- Record extracts -
= = = =
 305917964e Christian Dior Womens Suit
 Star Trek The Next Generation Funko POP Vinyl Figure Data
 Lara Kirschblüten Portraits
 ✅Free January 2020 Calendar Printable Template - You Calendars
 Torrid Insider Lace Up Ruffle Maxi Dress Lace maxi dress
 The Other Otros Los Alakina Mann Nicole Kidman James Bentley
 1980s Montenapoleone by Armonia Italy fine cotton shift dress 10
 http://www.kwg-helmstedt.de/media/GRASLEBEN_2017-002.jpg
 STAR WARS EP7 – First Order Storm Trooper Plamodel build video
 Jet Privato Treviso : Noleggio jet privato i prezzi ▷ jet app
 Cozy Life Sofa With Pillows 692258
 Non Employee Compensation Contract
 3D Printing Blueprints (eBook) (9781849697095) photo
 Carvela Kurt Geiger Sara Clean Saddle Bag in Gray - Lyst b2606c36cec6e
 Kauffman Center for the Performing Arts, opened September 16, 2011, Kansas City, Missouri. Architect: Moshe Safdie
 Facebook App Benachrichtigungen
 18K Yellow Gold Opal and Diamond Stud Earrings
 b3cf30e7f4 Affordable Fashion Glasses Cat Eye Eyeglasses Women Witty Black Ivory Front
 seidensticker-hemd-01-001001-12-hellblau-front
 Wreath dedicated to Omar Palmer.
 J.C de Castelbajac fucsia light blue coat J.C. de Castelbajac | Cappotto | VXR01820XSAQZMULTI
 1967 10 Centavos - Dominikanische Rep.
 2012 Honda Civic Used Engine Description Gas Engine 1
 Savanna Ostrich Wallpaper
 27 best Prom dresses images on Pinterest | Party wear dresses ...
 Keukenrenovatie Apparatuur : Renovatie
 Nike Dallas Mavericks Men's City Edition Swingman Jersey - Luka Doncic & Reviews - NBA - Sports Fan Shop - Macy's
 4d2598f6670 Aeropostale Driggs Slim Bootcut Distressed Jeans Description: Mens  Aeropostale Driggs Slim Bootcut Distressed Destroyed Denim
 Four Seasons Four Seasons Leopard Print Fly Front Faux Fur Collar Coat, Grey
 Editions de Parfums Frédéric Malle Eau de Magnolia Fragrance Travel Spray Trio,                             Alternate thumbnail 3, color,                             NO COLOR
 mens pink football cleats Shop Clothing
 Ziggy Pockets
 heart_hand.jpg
= = = =
- Required action -
Which lines of the data include the word "City"? Copy each one.

- Exercise answer -
 Kauffman Center for the Performing Arts, opened September 16, 2011, Kansas City, Missouri. Architect: Moshe Safdie
 Nike Dallas Mavericks Men's City Edition Swingman Jersey - Luka Doncic & Reviews - NBA - Sports Fan Shop - Macy's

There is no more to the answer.